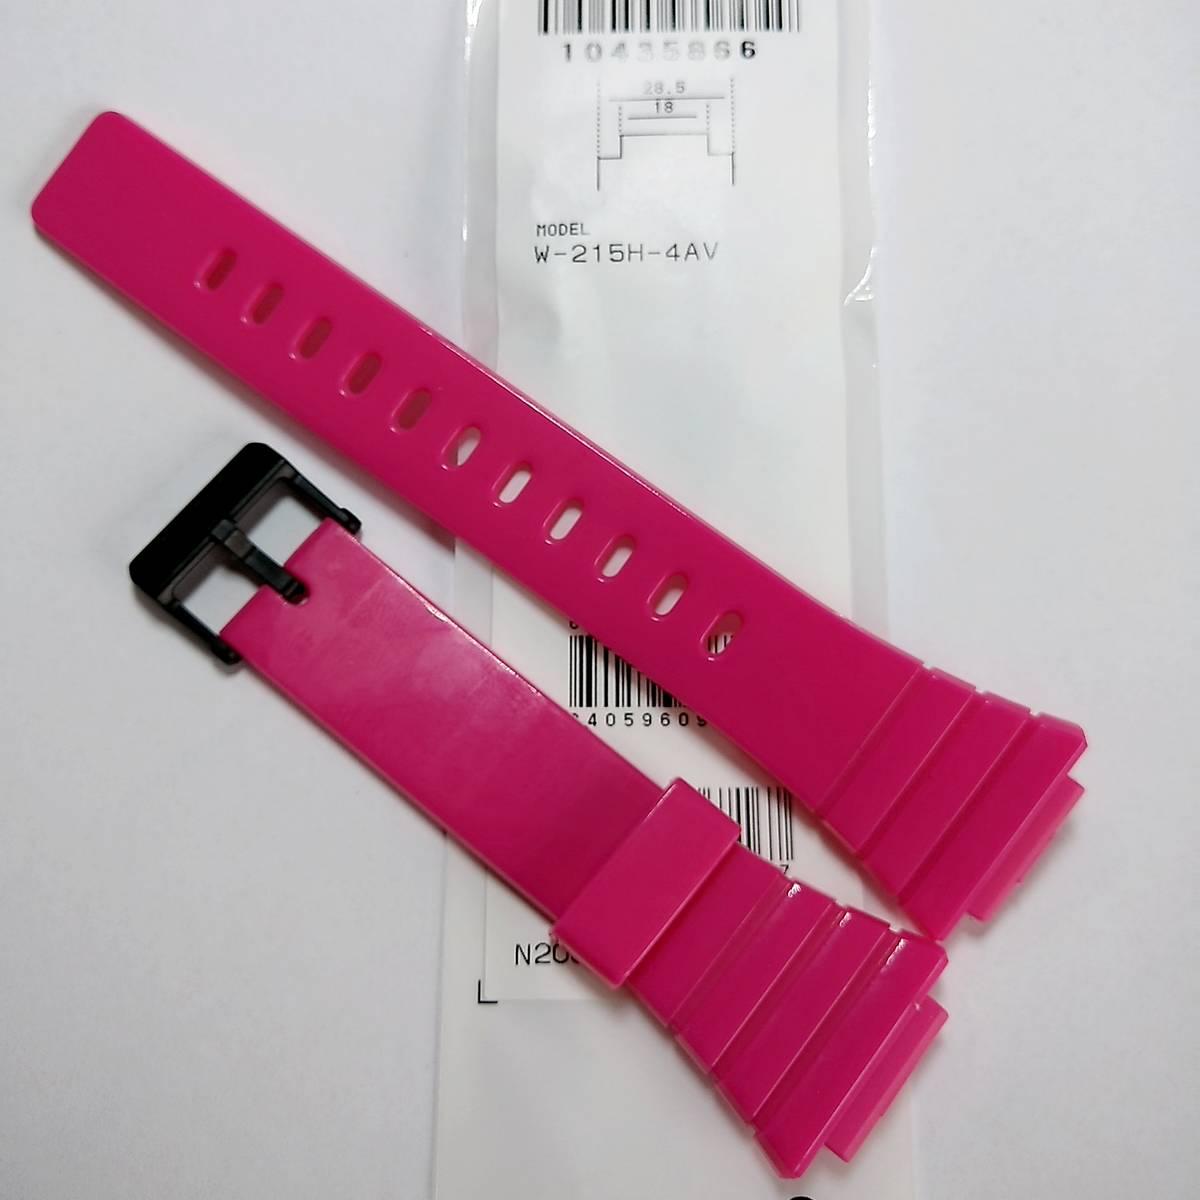 Pulseira Casio W-215H-4AV Cor de Rosa 100% Original   - E-Presentes
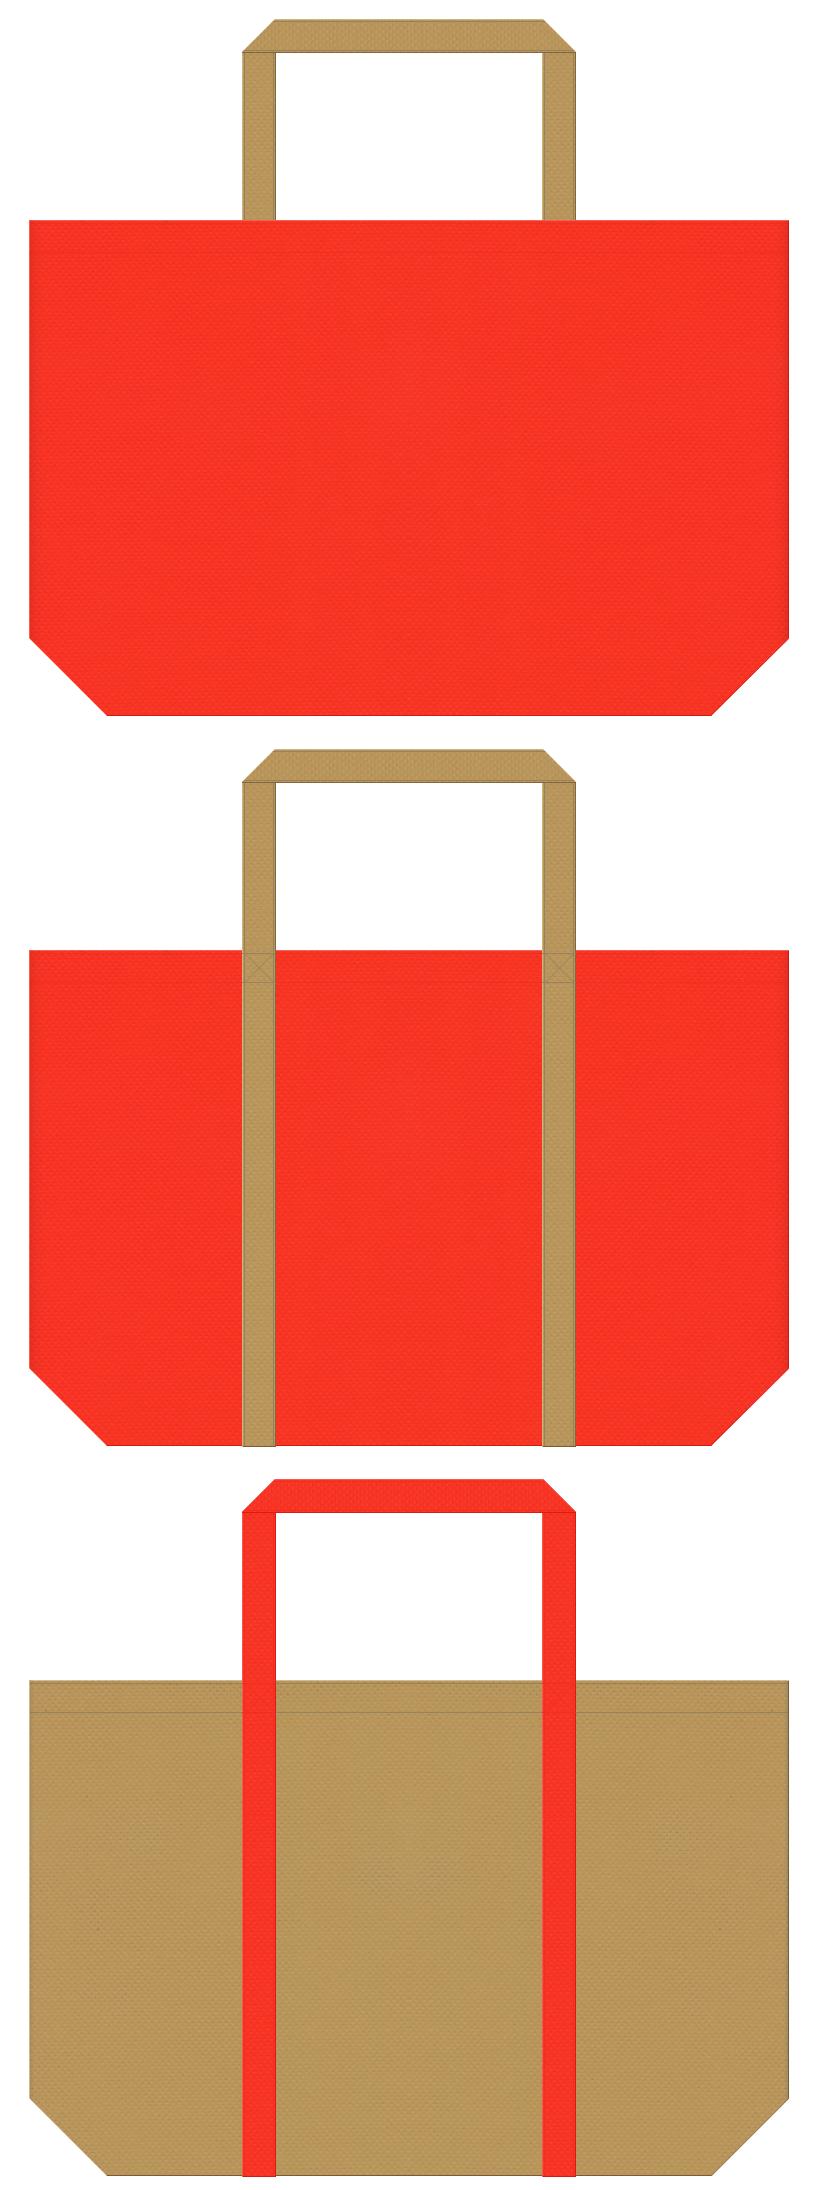 オレンジ色と金色系黄土色の不織布ショッピングバッグデザイン。
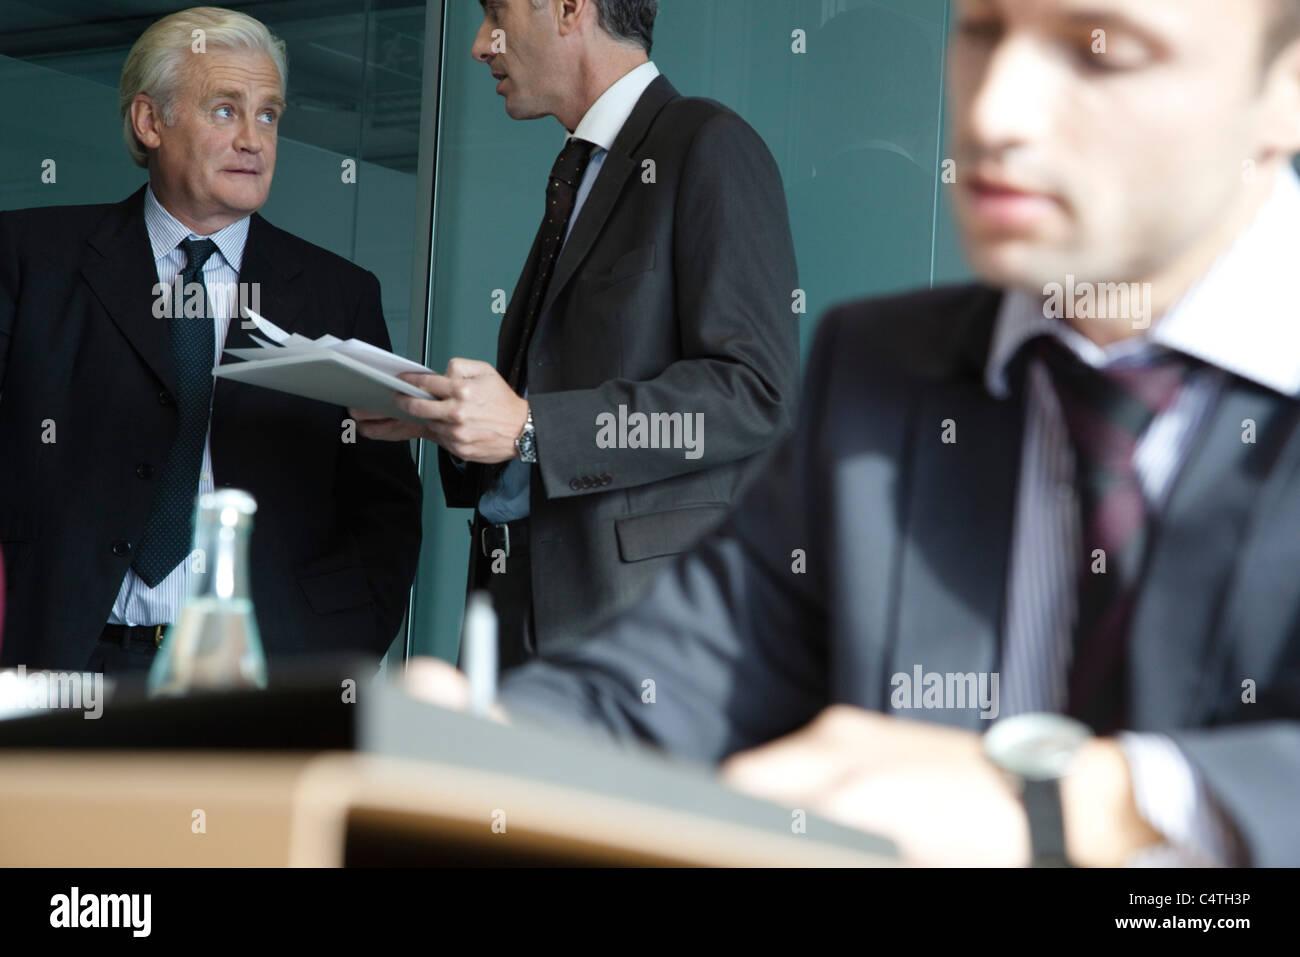 Ejecutivo en debate, joven empresario trabajando en primer plano Imagen De Stock
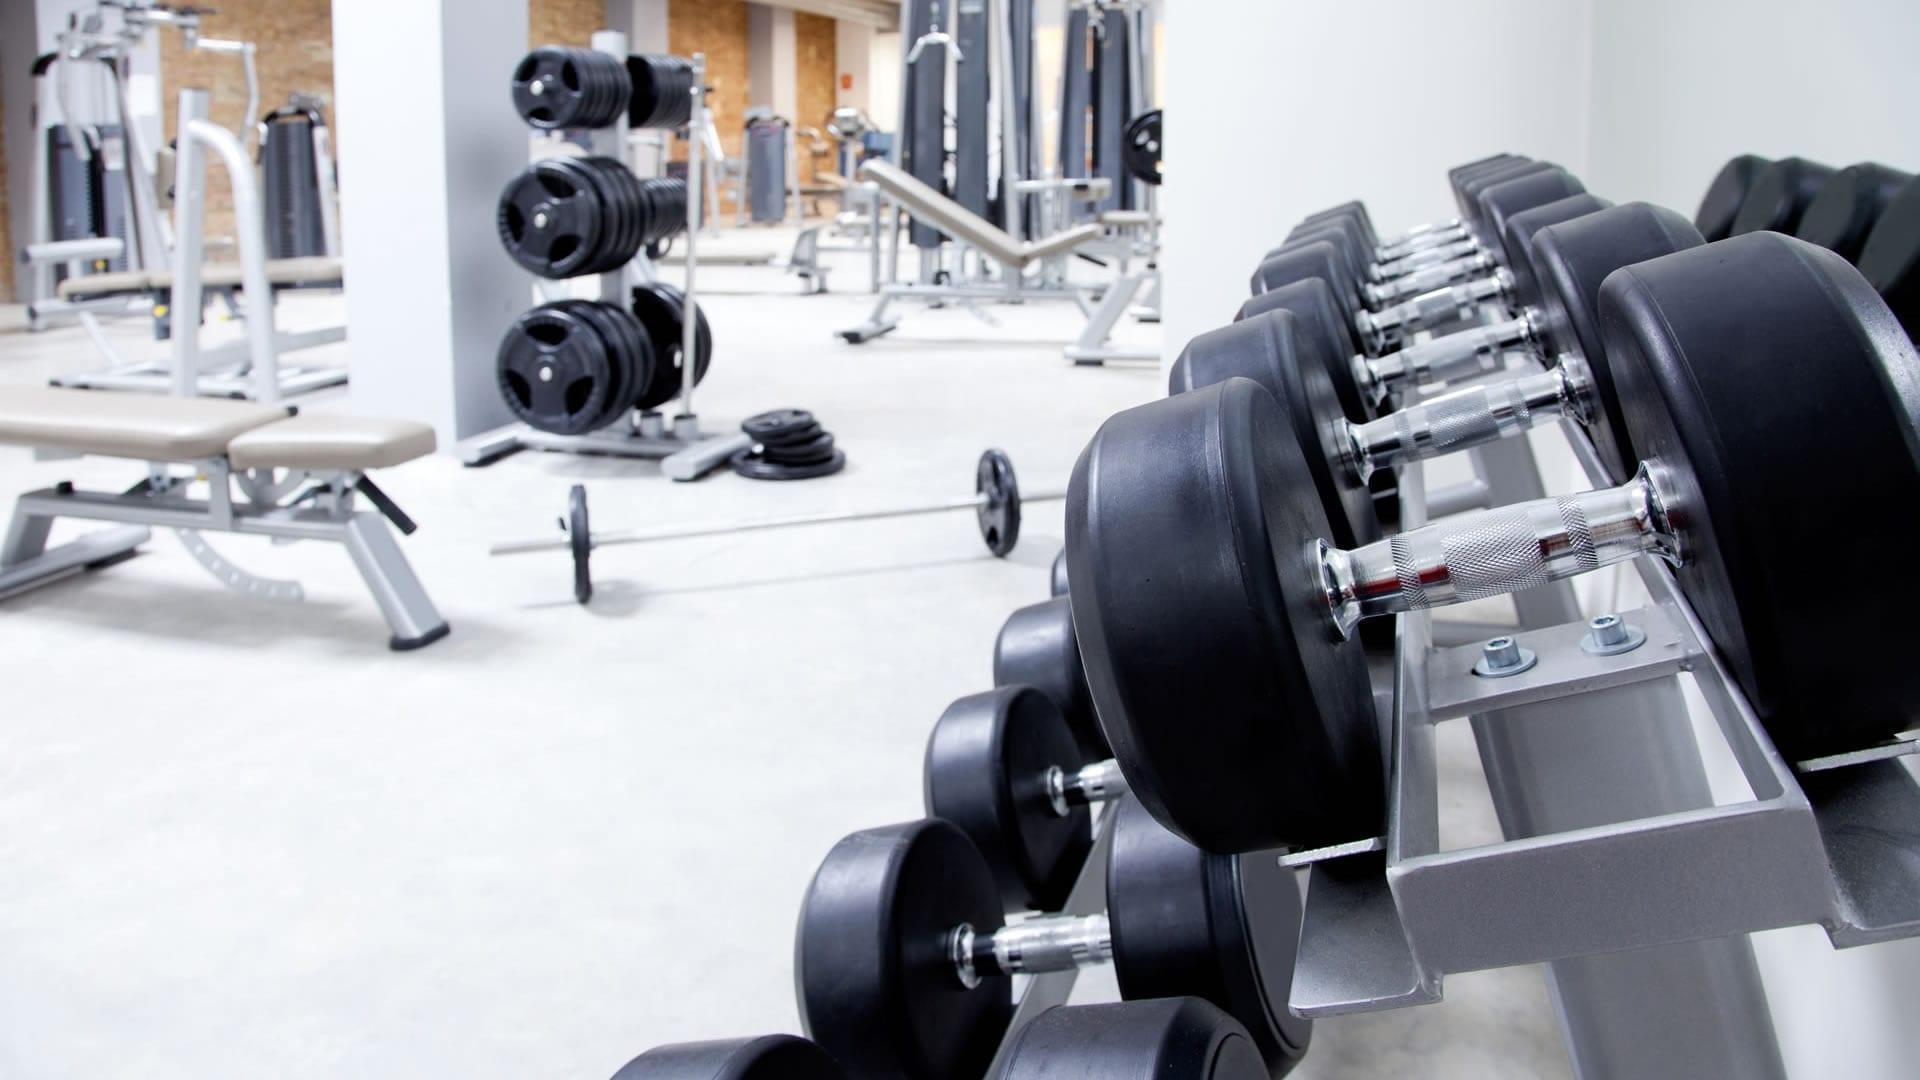 Los instrumentos del gimnasio cambiatufisico for Aparatos gimnasio
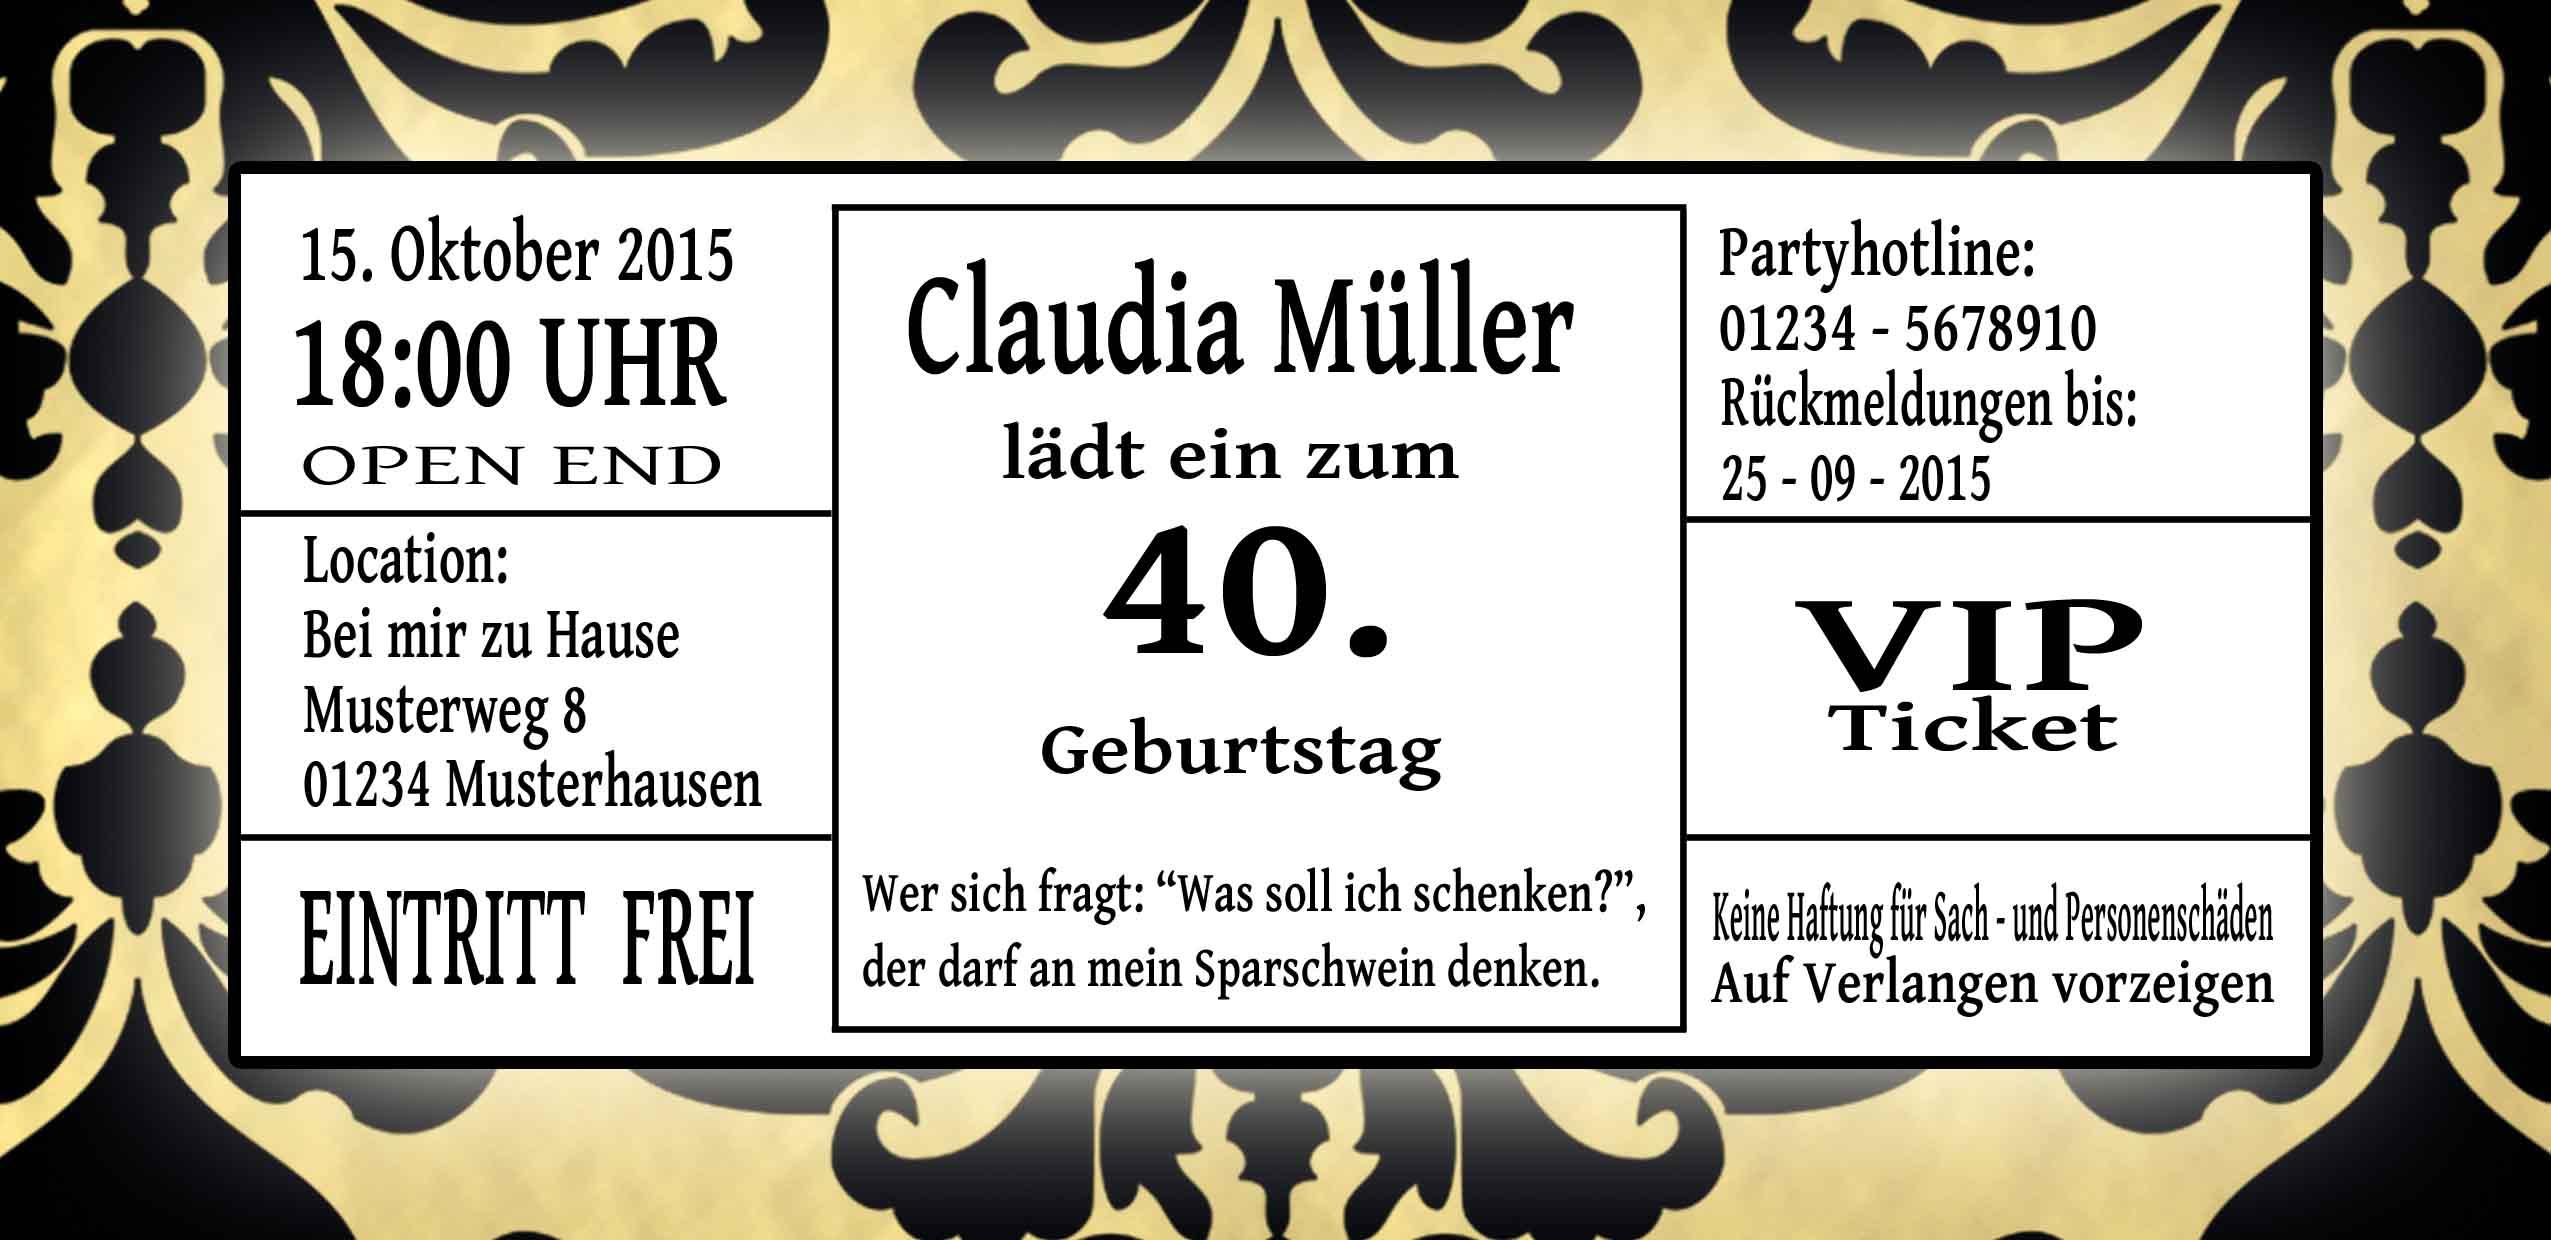 Einladungskarten VIP Ticket Geburtstag Einladung Party Hochzeit ... - Einladungskarten Vip Ticket

## AIM OF THE TASK
The answer should consist solely of the lines from the one containing "Los instrumentos del" through the last line of the material, copied exactly, with pictures left out.

## WRITTEN ANSWER
 Los instrumentos del gimnasio cambiatufisico for Aparatos gimnasio
 Einladungskarten VIP Ticket Geburtstag Einladung Party Hochzeit ... - Einladungskarten Vip Ticket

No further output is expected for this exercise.